As more than a billion people around the world prepare to observe Ramadan, we want to share information about a collaborative project that builds upon Islamic traditions to promote more peaceful, inclusive societies.
In Lahore, Pakistan, we co-lead the Collaboration Against Violent Sectarianism program with Engage Pakistan and Critical Connections. The project builds upon the success of our earlier pilot with Critical Connections and Peace & Education Foundation in Islamabad. We are not only bringing people together across the Sunni-Shia divide (and differences within Sunni and Shia communities) but just as importantly, bringing religious leaders and secular human rights activists into dialogue.
In Pakistan, violent acts driven by intolerance among religious sects claim hundreds of lives in dozens of attacks each year.

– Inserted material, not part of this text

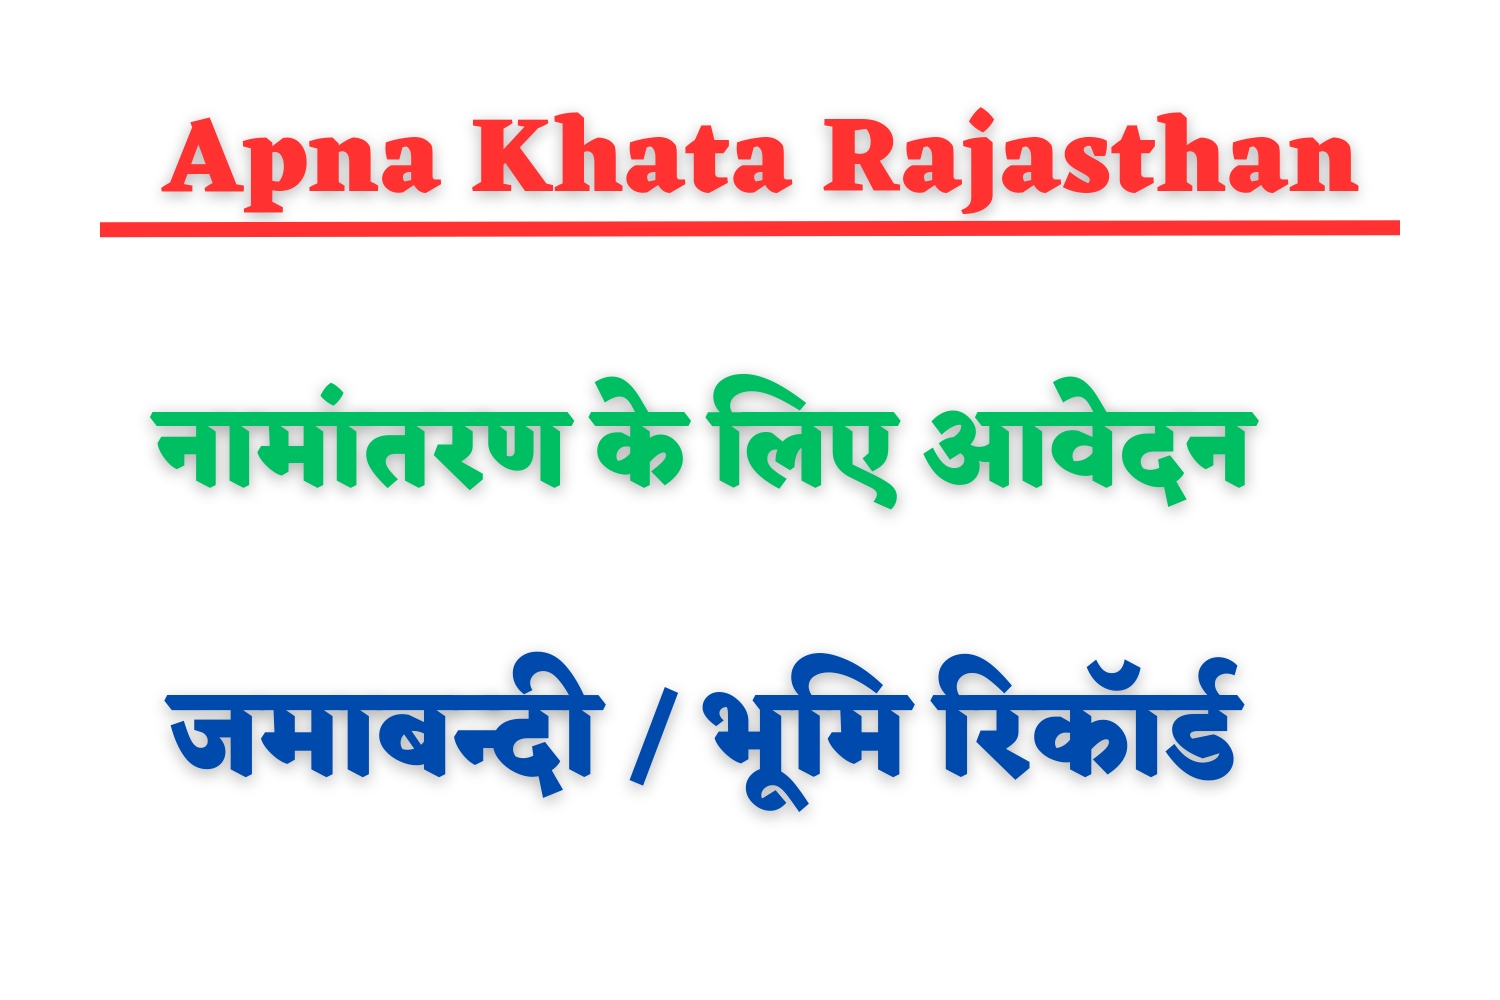 Apna Khata Rajasthan - राजस्थान लैंड रिकॉर्ड (भूलेख), जमाबंदी नकल कैसे देखें? जानें
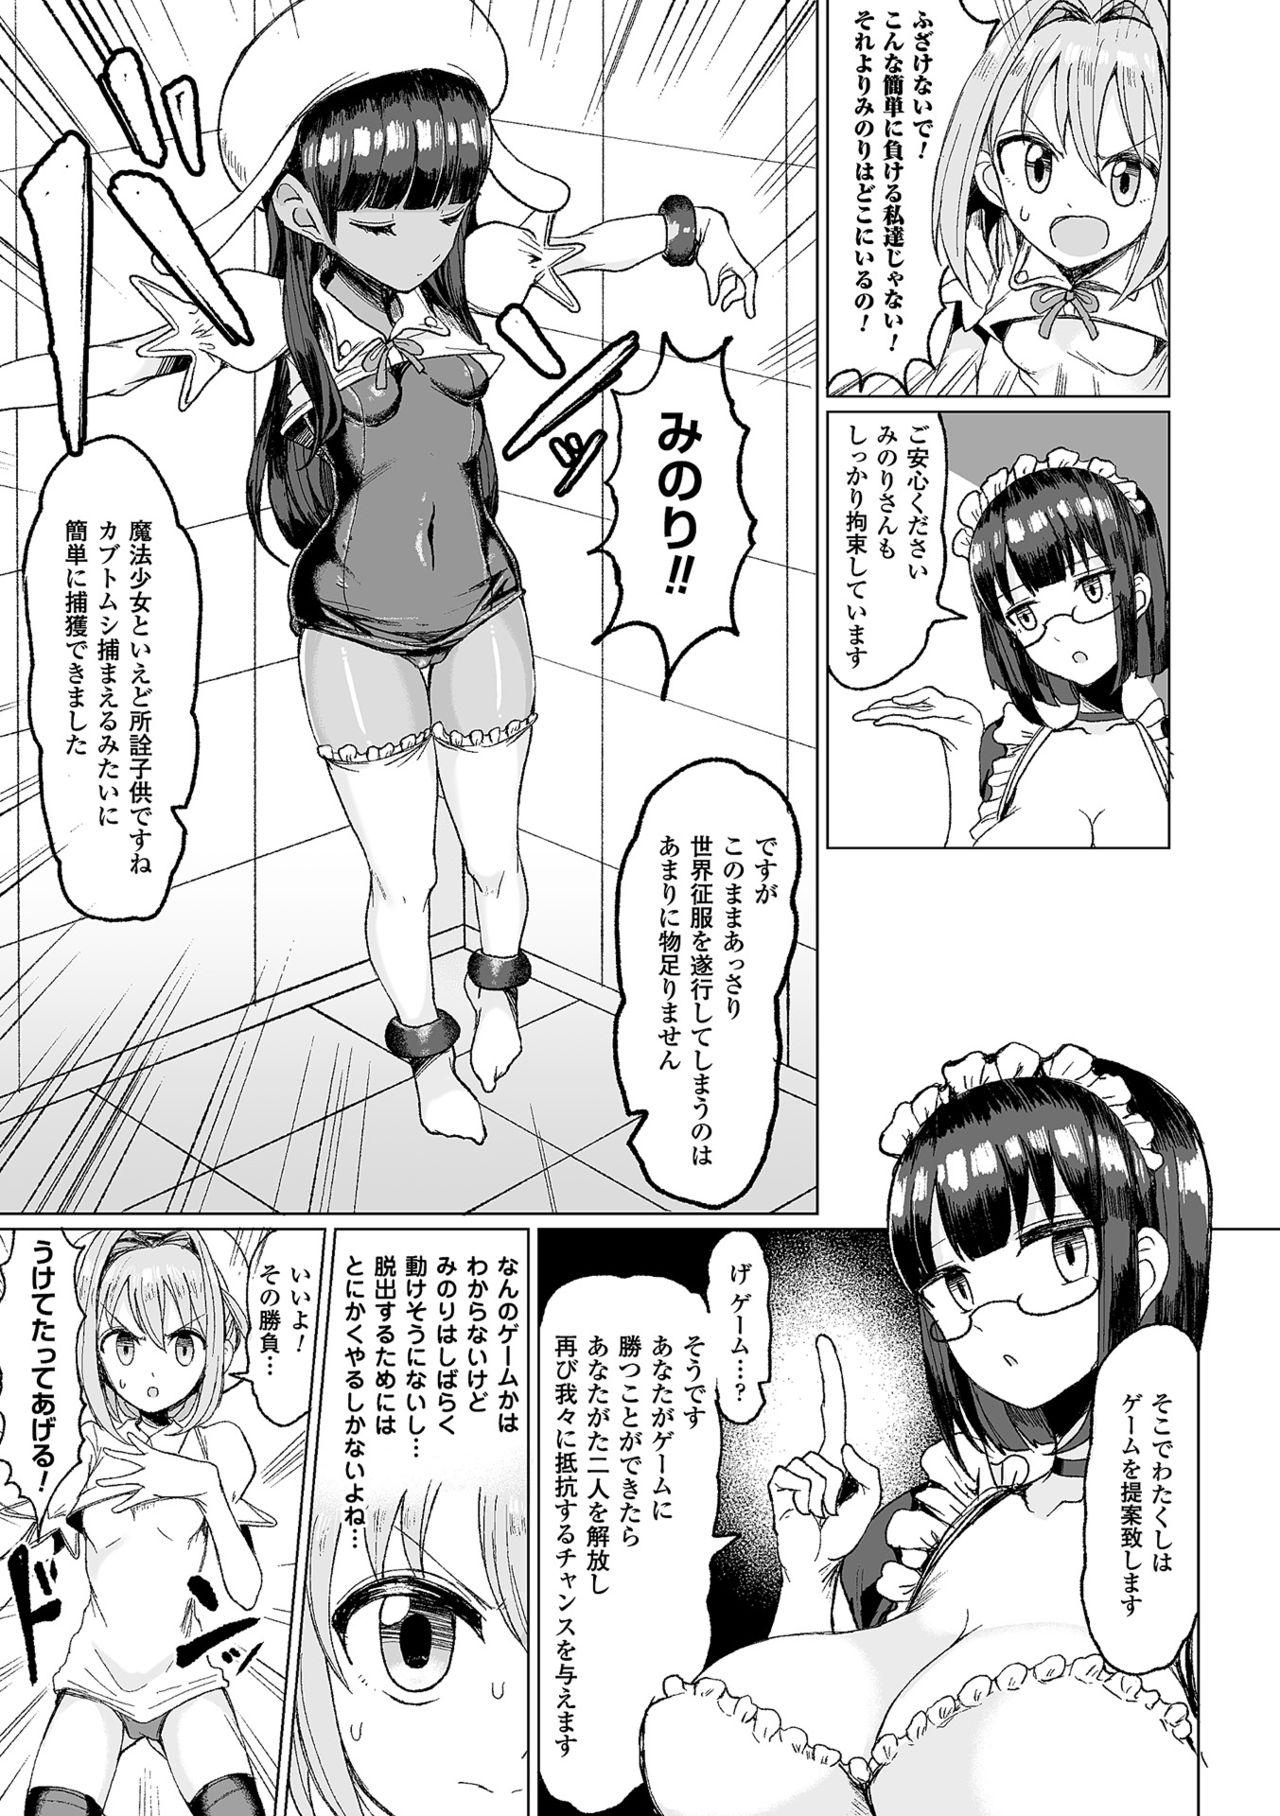 Eating 2D Comic Magazine Kiguzeme Kairaku de Monzetsu Zecchou Vol. 1 Spoon - Page 5

The pattern drives cycles of revenge, serves to strengthen violent extremism, and threatens regional stability.
The diverse participants in the Collaboration Against Violent Sectarianism program are actively working together on seed projects in and around Lahore. The projects include:
- An innovative e-health initiative to reach the often-persecuted Hazara Shia minority;
- A symposium series on intersect harmony in the volatile city of Multan;
- The creation and dissemination of compelling podcasts recounting the personal journeys of religious and community leaders toward tolerance; and
- Videos and infographics to educate Pakistanis about the strong tradition of intersect harmony in Islamic history.
Spotlight on the work of Arafat Mazhar
Director of Engage Pakistan, & Recipient of the 2017 Paula Green Peacebuilding Award
Arafat Mazhar, founder and director of Engage Pakistan and Shehri Pakistan, is the recipient of the 2017 Paula Green Peacebuilding Award. We present this award annually to highlight innovative approaches to conflict transformation that support marginalized and conflict-affected communities and reflect karuna, or compassion, as a core value.
Arafat Mazhar is perhaps best known for his public education efforts toward reforming Pakistan’s anti-blasphemy laws. The politics surrounding these laws have encouraged vigilante violence and persecution of religious minorities. Yet rather than play into existing conflicts among secular and religious groups, Arafat and his colleagues start new conversations. They highlight the ways in which various schools of Islamic legal thought have, throughout history, supported the ideal of a pluralistic society characterized by mercy.
Throughout these efforts, Arafat, Engage Pakistan, and Shehri Pakistan work to build a more just and equal Pakistan by bridging the information gap between “the privileged few and the underprivileged many.” They use short animated videos and other creative means to empower a more informed, critically engaged populace that is not so easily manipulated toward violence along the nation’s dividing lines.
We are grateful to the Ploughshares Fund for their support of the Collaboration Against Violent Sectarianism project.